* [PATCH] Split packs from git-repack should have descending timestamps
@ 2007-05-24 22:33 Dana How
2007-05-25 0:46 ` Shawn O. Pearce
0 siblings, 1 reply; 5+ messages in thread
From: Dana How @ 2007-05-24 22:33 UTC (permalink / raw)
To: Junio C Hamano; +Cc: Git Mailing List, danahow
If git-repack produces multiple split packs because
--max-pack-size was in effect, the first pack written
should have the latest timestamp because:
(1) sha1_file.c:rearrange_packed_git() puts more recent
pack files at the beginning of the search list; and
(2) the most recent objects are written out first
while packing.
This is based on next rather than master to avoid merge
conflicts with changes already in git-repack.sh due to
the --max-pack-size patchset.
Signed-off-by: Dana L. How <danahow@gmail.com>
---
git-repack.sh | 5 +++++
1 files changed, 5 insertions(+), 0 deletions(-)
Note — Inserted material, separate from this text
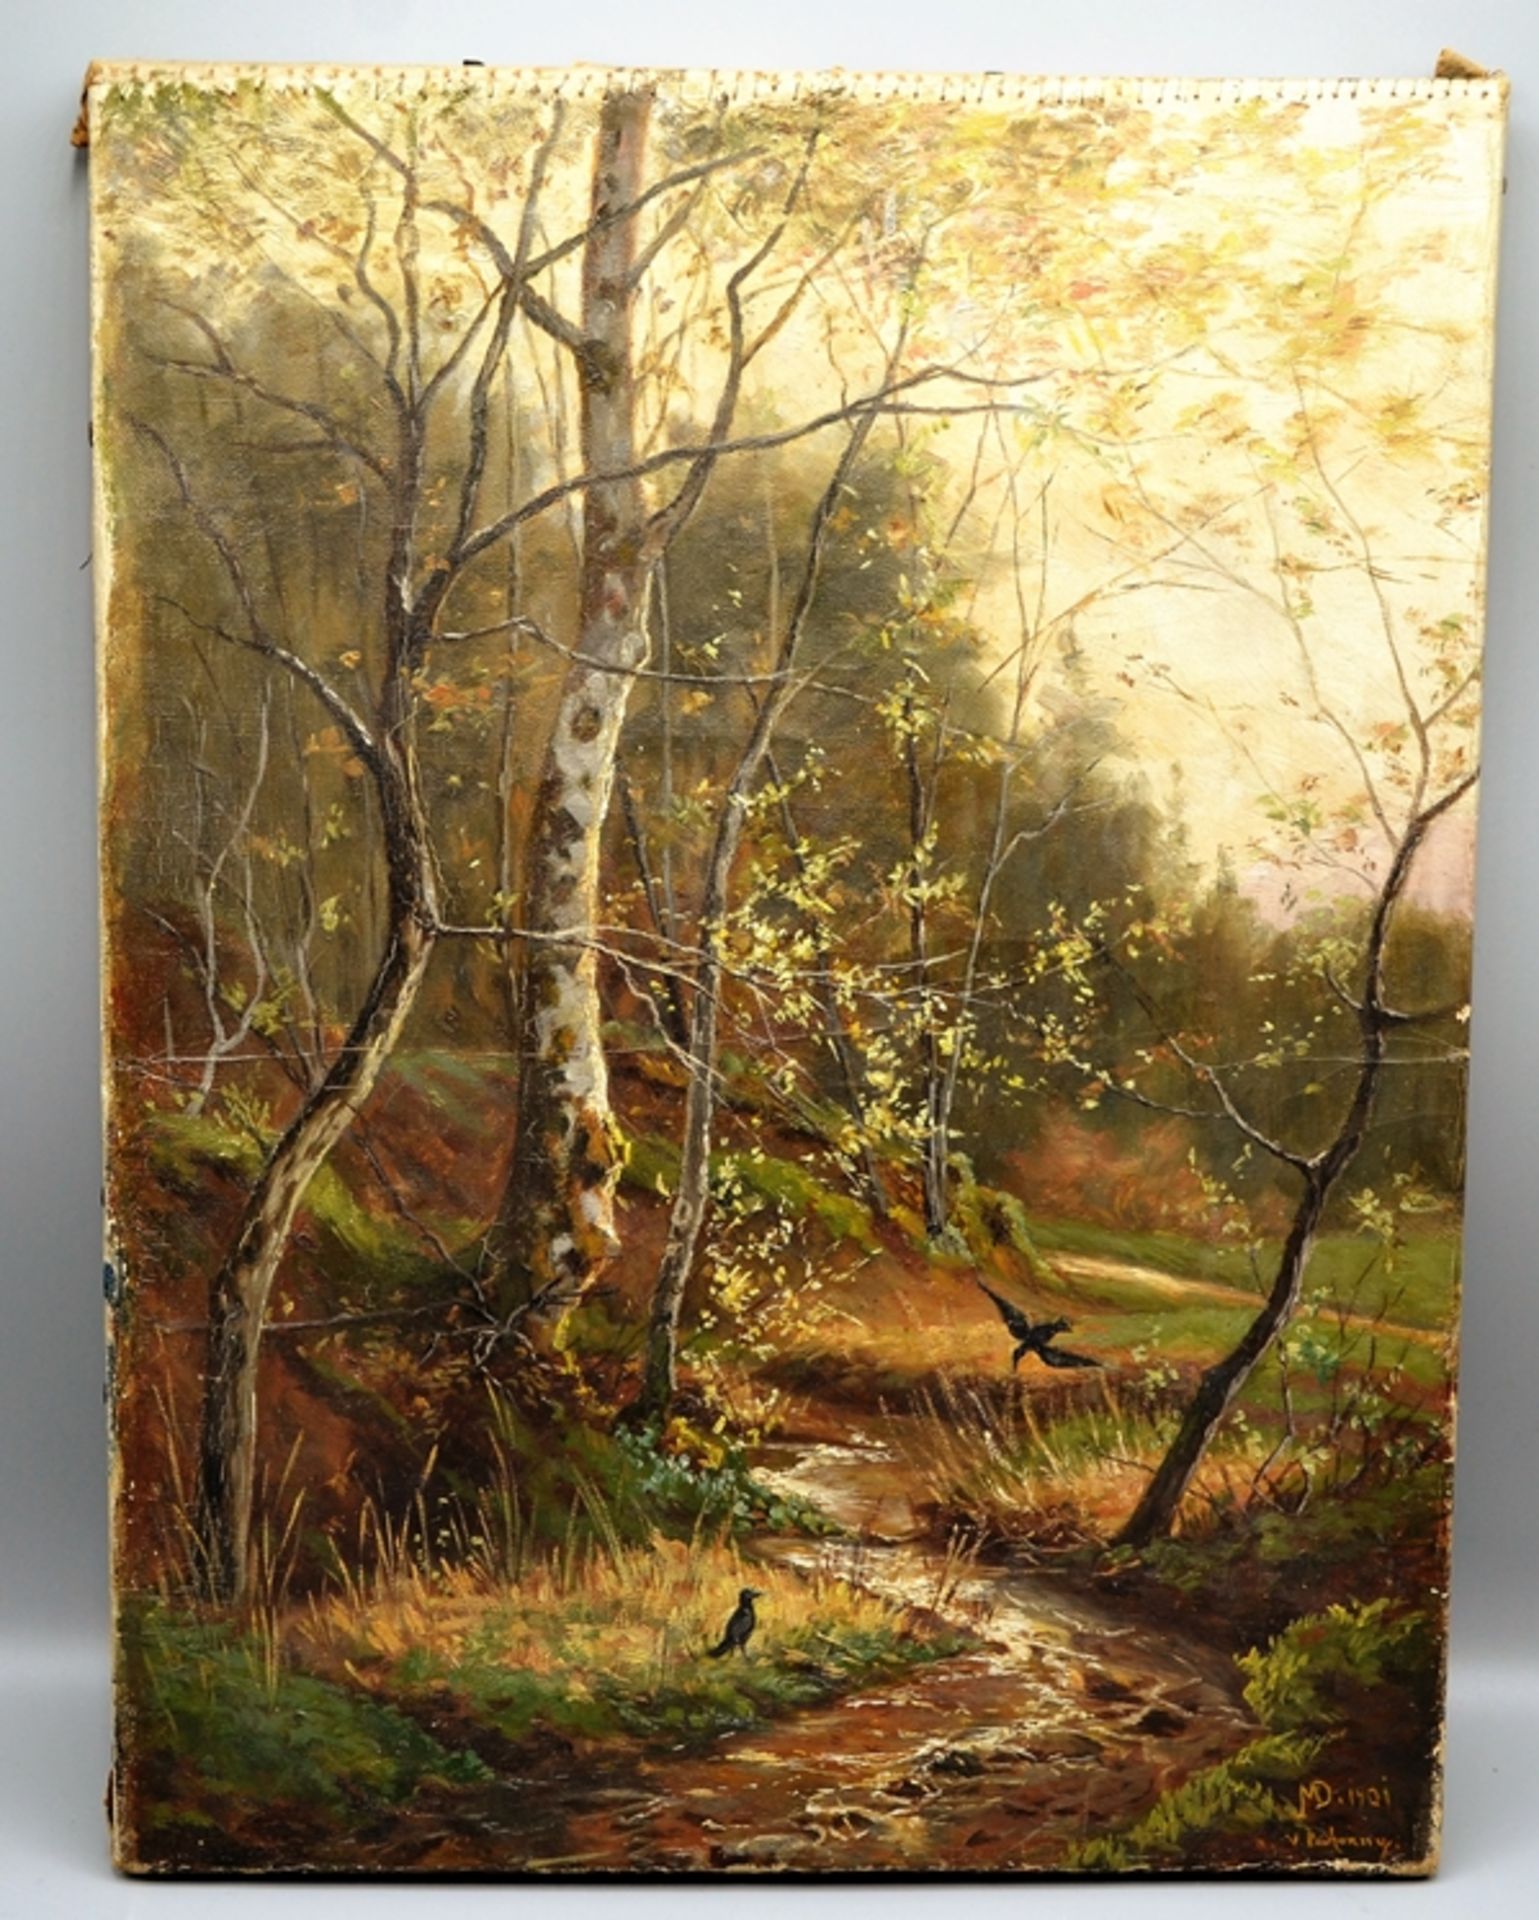 Gemälde Waldlandschaft mit Bachlauf Vögel etc. 1901, Öl auf Lwd., datiert u. signiert, ca. 45 x 34

diff --git a/git-repack.sh b/git-repack.sh
index 4ea6e5b..953de4a 100755
--- a/git-repack.sh
+++ b/git-repack.sh
@@ -68,6 +68,7 @@ names=$(git-pack-objects --non-empty --all --reflog $args </dev/null "$PACKTMP")
if [ -z "$names" ]; then
echo Nothing new to pack.
fi
+restamp=
for name in $names ; do
chmod a-w "$PACKTMP-$name.pack"
chmod a-w "$PACKTMP-$name.idx"
@@ -94,8 +95,12 @@ for name in $names ; do
exit 1
}
rm -f "$PACKDIR/old-pack-$name.pack" "$PACKDIR/old-pack-$name.idx"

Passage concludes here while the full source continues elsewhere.